Revenons donc à la littérature levantine, dont la tradition plonge ses racines dans le très riche héritage des contes arabo-musulmans, une forme finalement pas très éloignée de la nouvelle. A cet héritage vient se greffer le regard singulier d’une écrivaine, d’une femme plus précisément, pour qui aucun sujet n’est réellement tabou. Pour la petite histoire, Hanan El-Cheikh dut publier son premier roman, Histoire de Zahra, à compte d’auteur, car aucun éditeur libanais ou arabe, ne voulut prendre le risque de publier un roman au sujet aussi sulfureux. Ce qui n'empêcha pas l’auteure libanaise de remporter un franc succès, notamment en France. A travers son oeuvre, qui s’étale sur plus de quarante ans d’écriture, Hanan El-Cheikh n’hésite pas à aborder des sujets aussi clivants que la place des femmes au sein de la civilisation arabo-musulmane, le viol, l’inceste, la prostitution et de manière générale toutes les violences faites à l’encontre des femmes. En filigrane apparaît bien évidemment une critique assez vive du patriarcat et de la domination des hommes, notamment au travers du mariage, dont il faut souligner le courage.

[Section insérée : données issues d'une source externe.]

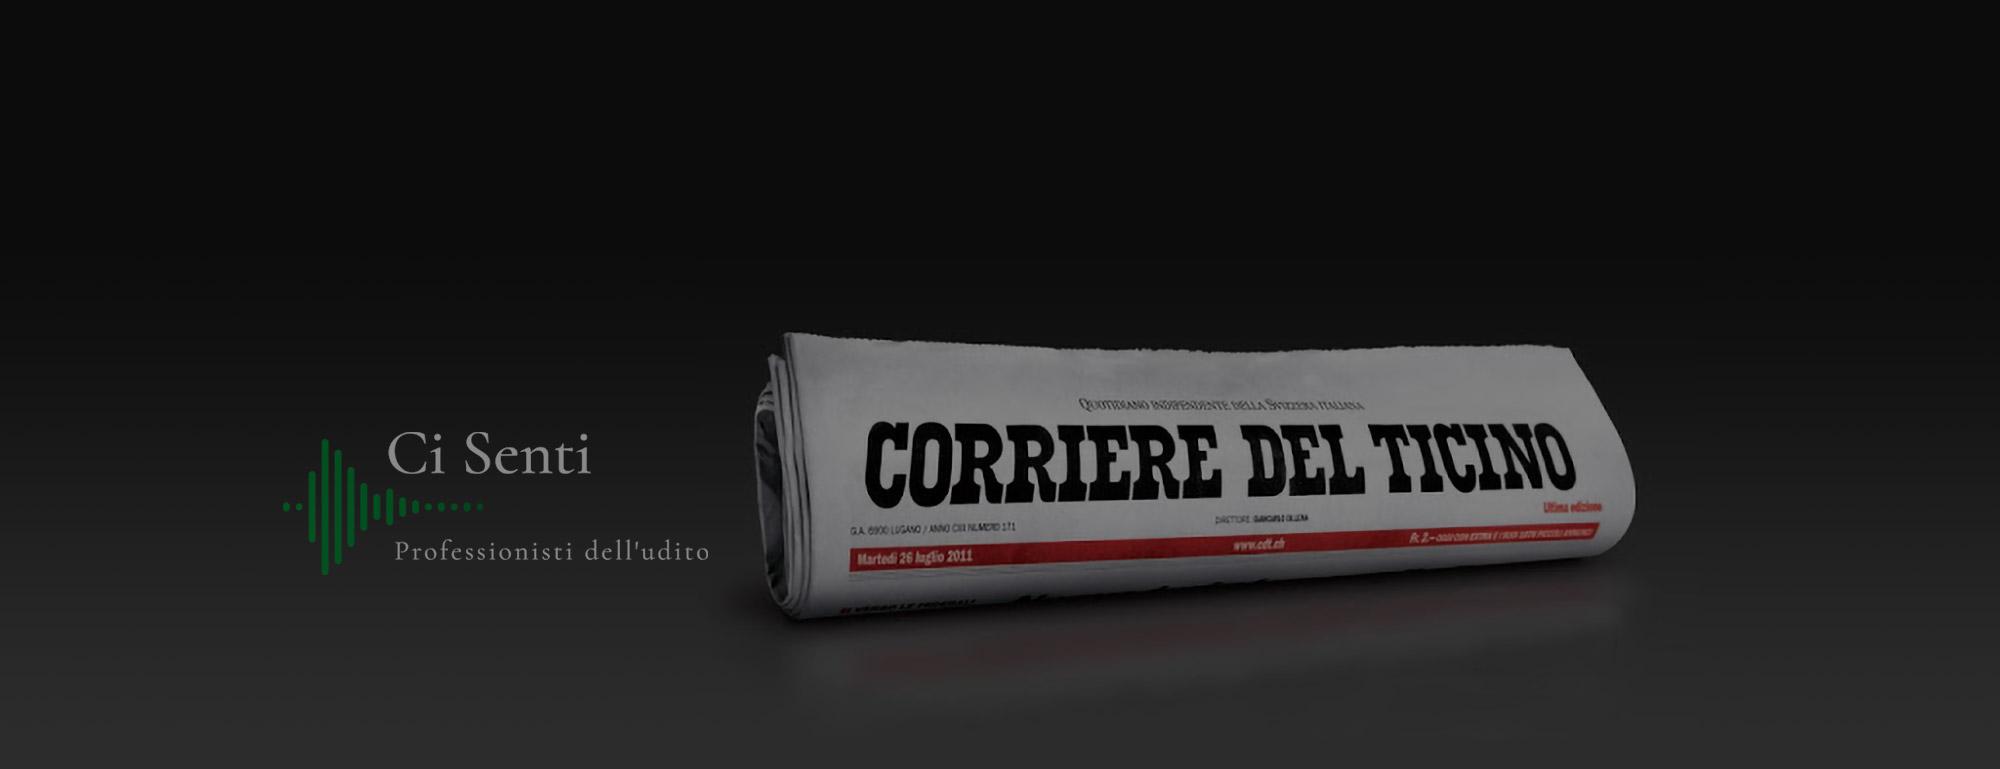 Inserzione Ci Senti Corriere del Ticino

Ces thèmes apparaissent dans les nouvelles qui composent Le cimetière des rêves, mais il serait quelque peu réducteur de ne résumer ces textes qu’à leur contenu engagé. Au fil de la lecture d’autres sujets émergent, en particulier la difficile articulation entre Orient et Occident. Le déracinement, le choc des cultures, la perte des repères (familiaux ou culturels), la nostalgie d’un passé perdu…. Tous font écho au propre parcours personnel de l’écrivaine, qui dut quitter son Liban natal pour finalement trouver un point de chute à Londres. Le personnage de la nouvelle “Je balaie le soleil des terrasses”, une jeune femmes qui a quitté son pays pour réaliser son rêve d’Occident en Angleterre, est ainsi tiraillé entre sa fascination profonde pour le mode de vie européen et les souvenirs de sa vie passée, faits de couleurs, de saveurs et de senteurs qui s’imposent à elle avec une acuité d’autant plus douloureuse qu’ils sont un contrepoint à de nombreuses désillusions.
Ce qui émerge de ces textes au ton doux amer et parfois sombre, c’est le courage de ces femmes face à l’adversité et au changement. Leur grandeur dépasse l'étendue de leurs failles, qu’elles tentent de surmonter avec des stratégies diverses et souvent surprenantes. Au lecteur de suivre ces lignes de fracture, comme on glisse délicatement le doigt le long d’une anfractuosité, découvrant des nœuds, des embranchements secondaires, de nouveaux chemins sur le sentier difficile de la vie. Et à la fin, s’esquisse subtilement un tableau fait de multiples visages, ceux de ces femmes qui luttent pour trouver une place, pour préserver leur intégrité et leur liberté.
10 commentaires:
Contente que ça t’ai plu.Finalement les nouvelles c’est pas mal.
Merci pour la découverte, je vais lire d'autres livres de Hanan El-Cheikh, c'est une certitude.
De rien.
On m’a recommandé L’Orient derrière soi de André Tubeuf.
C’est une enfance en Orient racontée par André Tubeuf,né là bas,de parents français qui étaient partis travailler en Orient.
Je connais pas du tout l’auteur.
Je ne connais pas non plus, mais je note les références, merci !
Yes
https://soleilgreen.blogspot.com/2017/10/lorient-derriere-soi.html
Il y a des convergences étonnantes sur ce blog ;-)
Oui😁
Il reste encore beaucoup à découvrir au niveau littérature orientale.
C'est le moins qu'on puisse dire, mais j'y travaille ;-)
J’avais lu cet été un bouquin de José Luis Sampedro que tu avais chroniqué.
J’ai mis un commentaire suite à ta chronique sur La vieille sirène mais il n’est pas paru. Peut-être pris dans la modération.
Oui, désolé, c'est ma faute. Je n'ai quasiment pas consulté le blog pendant les vacances.